== Segment start ==

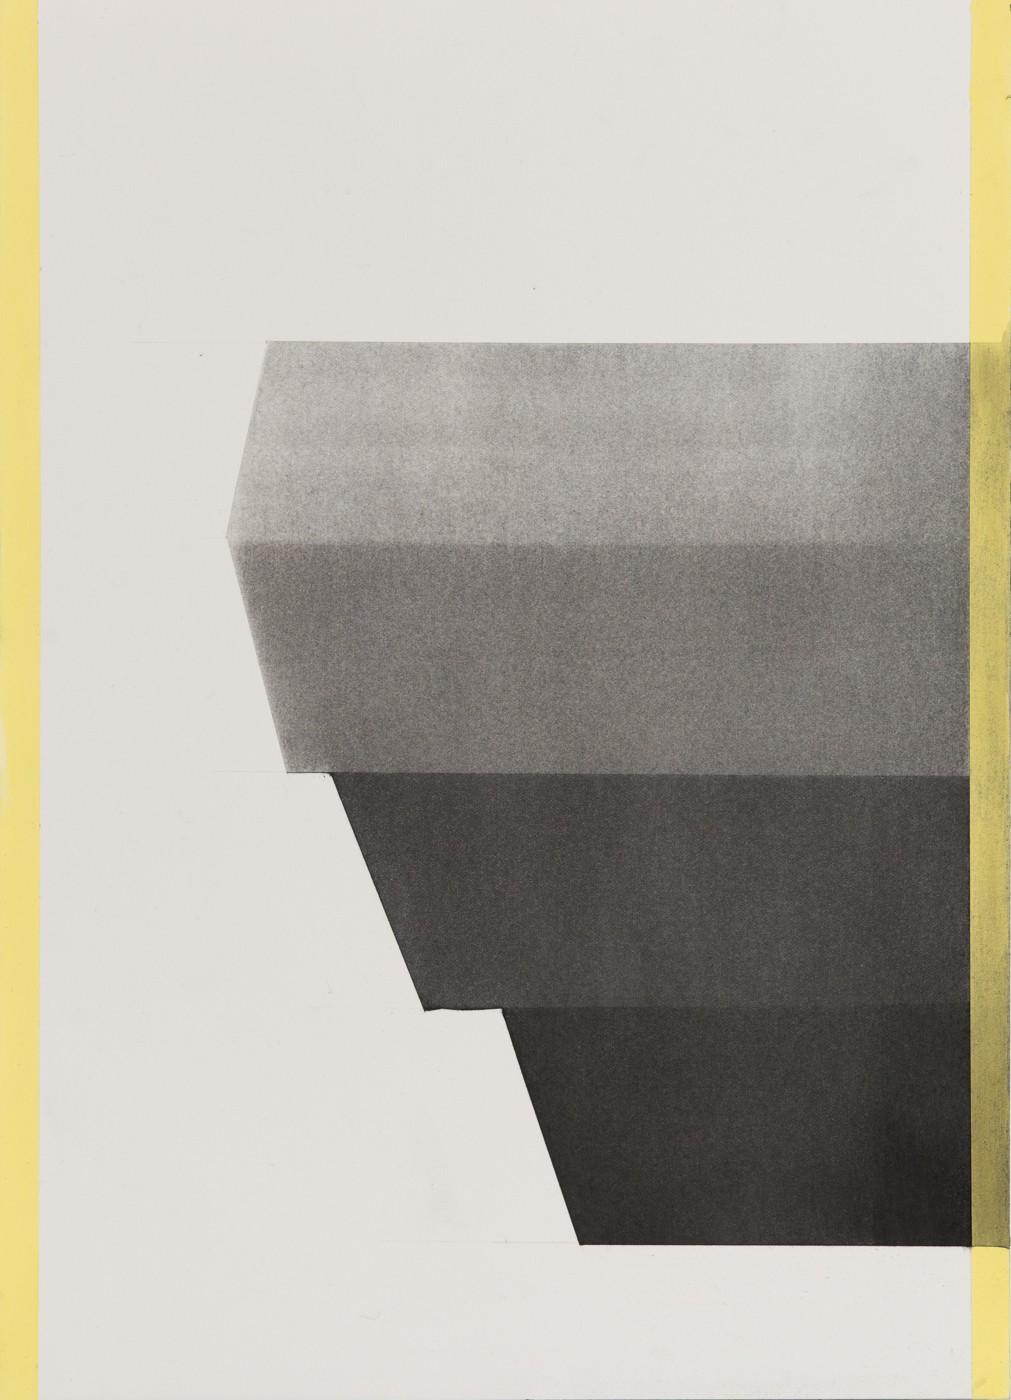 Notes on Architecture, Rakenne/Structure (2014) — Minna Hannele Lappalainen
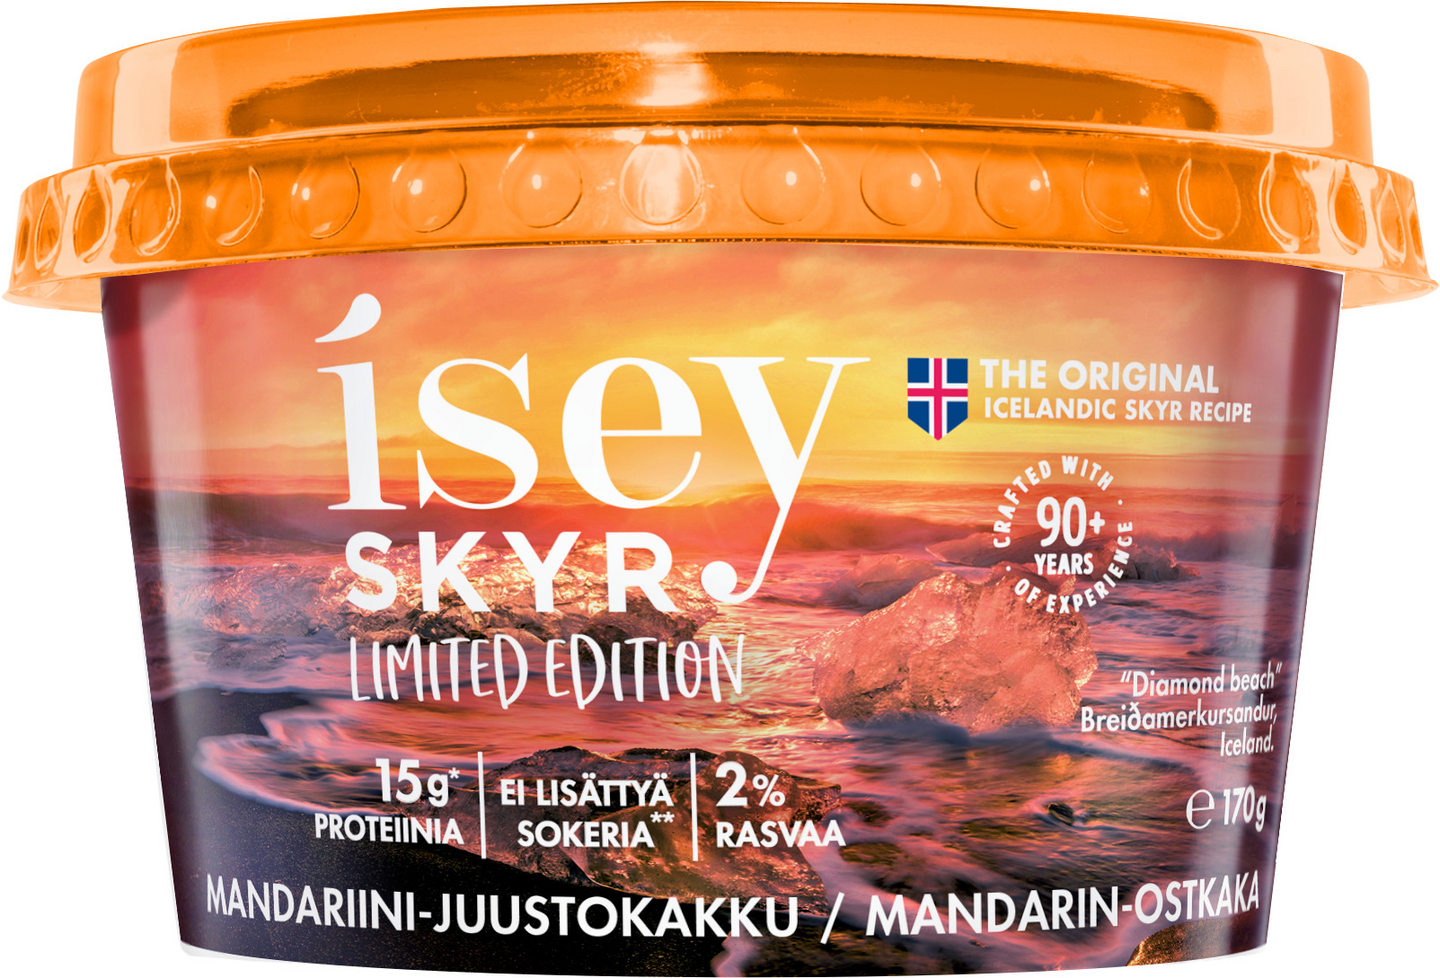 Isey Skyr mandariini-juustokakku limited edition 170g
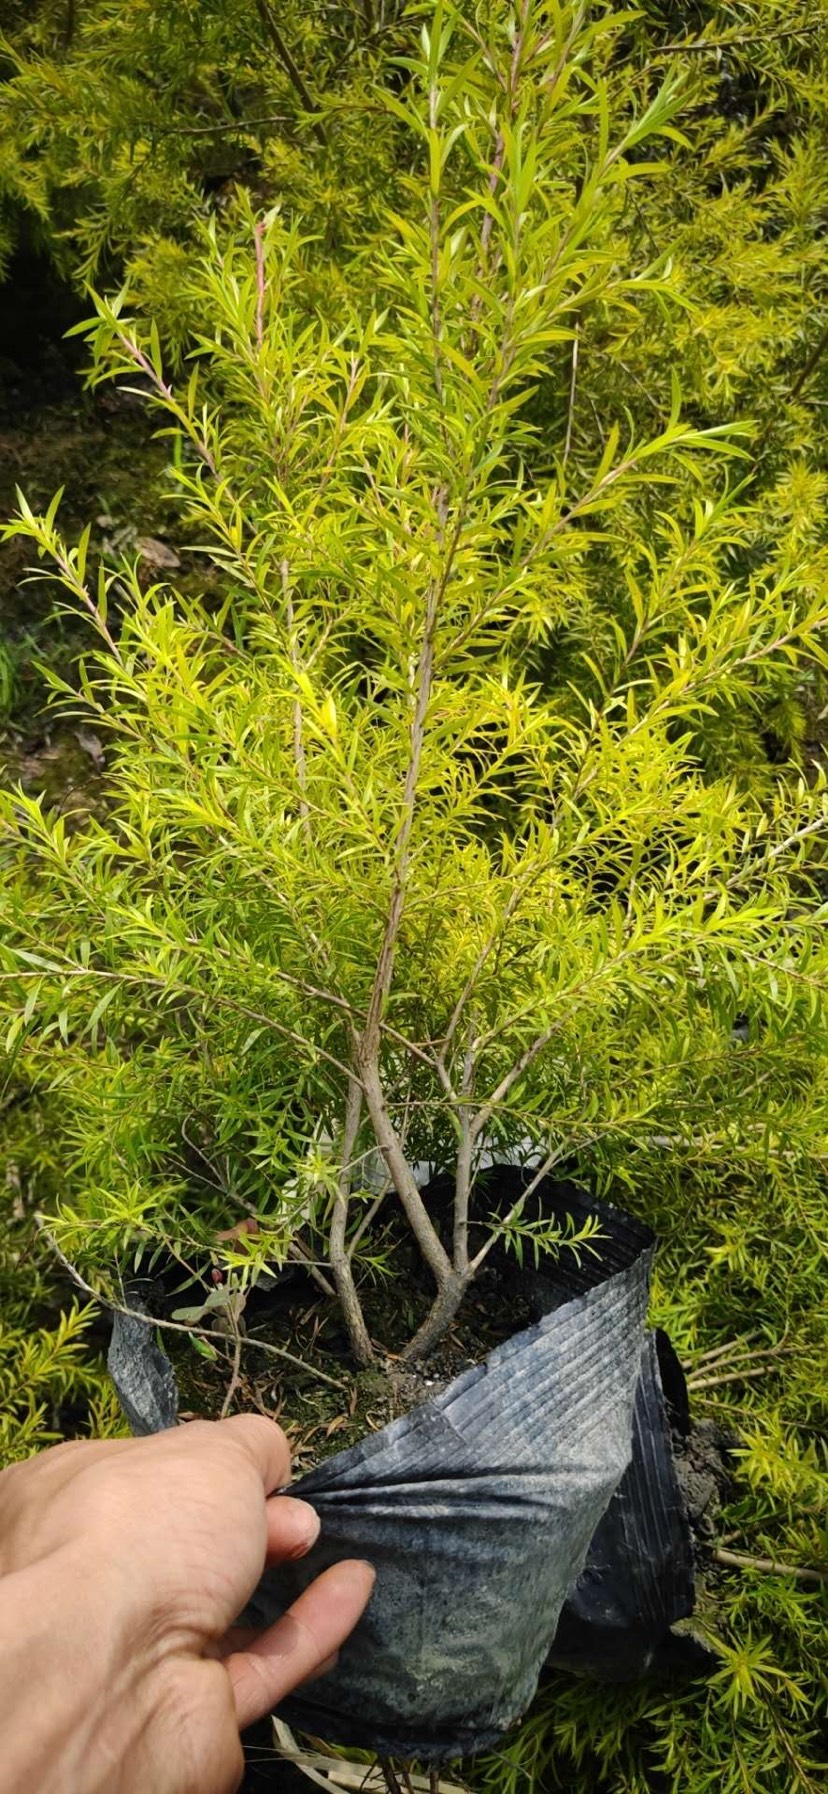 普宁市黄金宝树 黄金香柳袋苗40*40公分大袋优良的彩叶树种根系发达
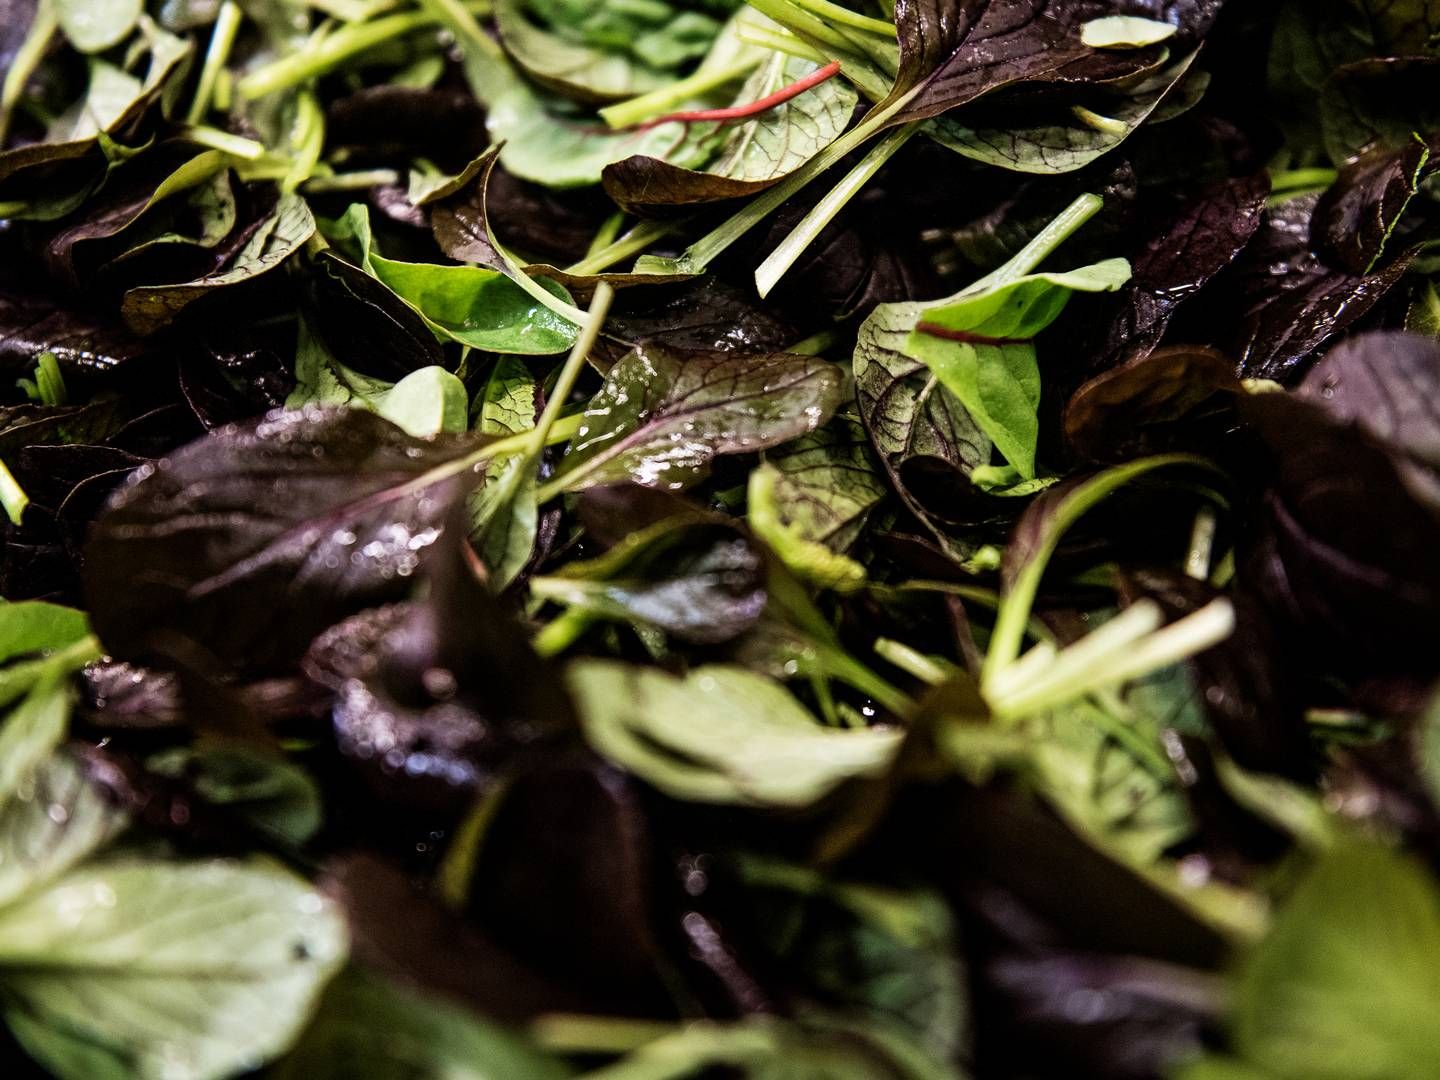 Markedet for salater og snitgrønt har været præget af hård konkurrence de senere år, hvilket har ramt det nu tidligere Yding Grønt hårdt. | Foto: Dalhoff Casper/Jyllands-Posten/Ritzau Scanpix
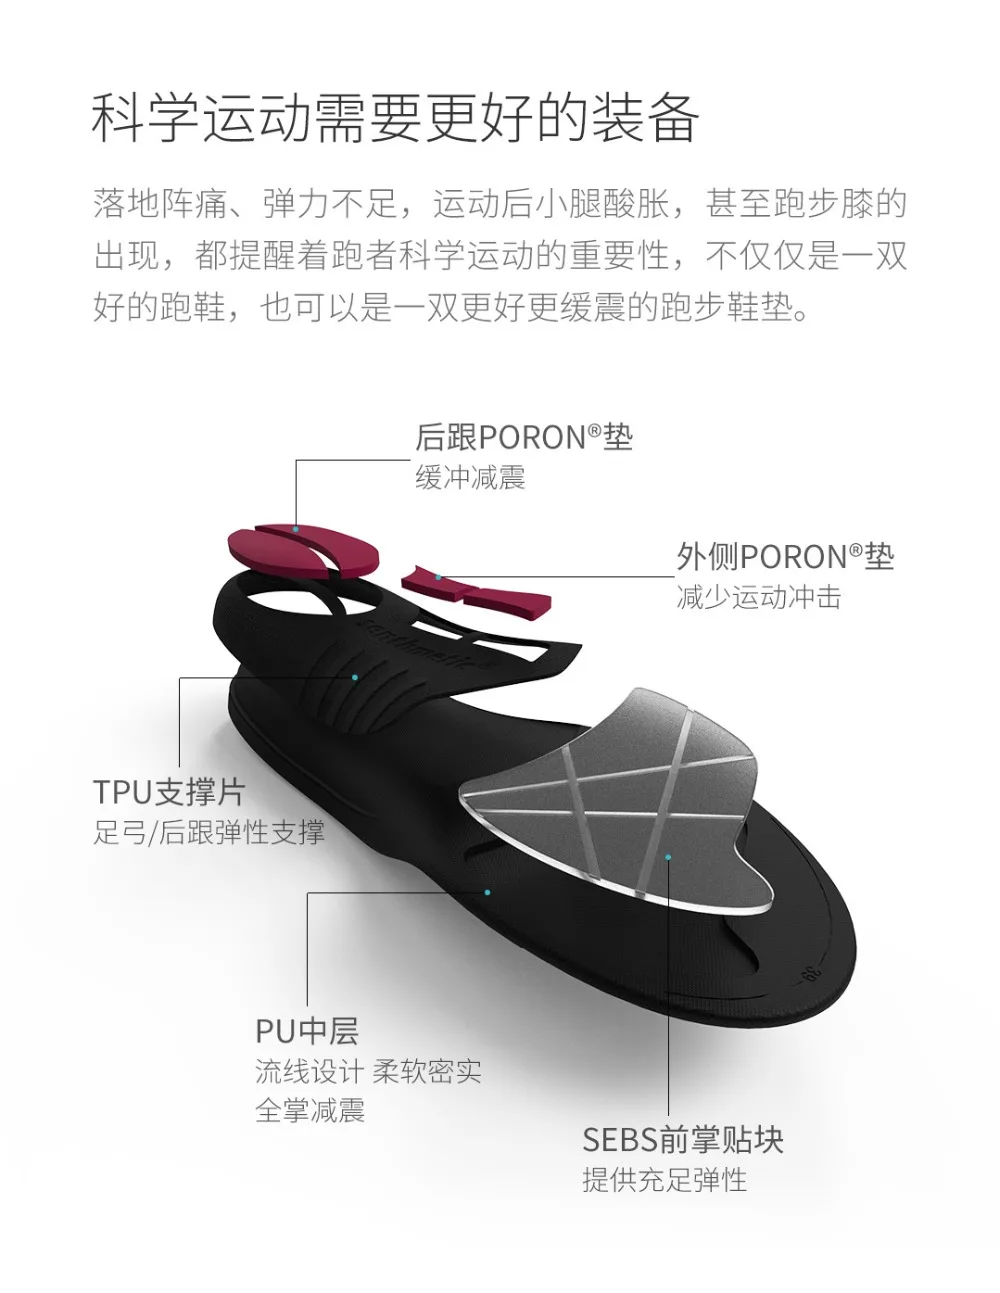 Xiaomi Youpin амортизирующая стелька для бега несколько амортизирующих мощностей поддержка защиты подошвы спортивная стелька

== Segment end ==

Problem:
Transcribe the listing in full. Leave the pictures out.

Response to this exercise:
 Notes on Architecture, Rakenne/Structure (2014) — Minna Hannele Lappalainen
 Isey Skyr mandariini-juustokakku limited edition 170g
 普宁市黄金宝树 黄金香柳袋苗40*40公分大袋优良的彩叶树种根系发达
 Markedet for salater og snitgrønt har været præget af hård konkurrence de senere år, hvilket har ramt det nu tidligere Yding Grønt hårdt. | Foto: Dalhoff Casper/Jyllands-Posten/Ritzau Scanpix
 Xiaomi Youpin амортизирующая стелька для бега несколько амортизирующих мощностей поддержка защиты подошвы спортивная стелька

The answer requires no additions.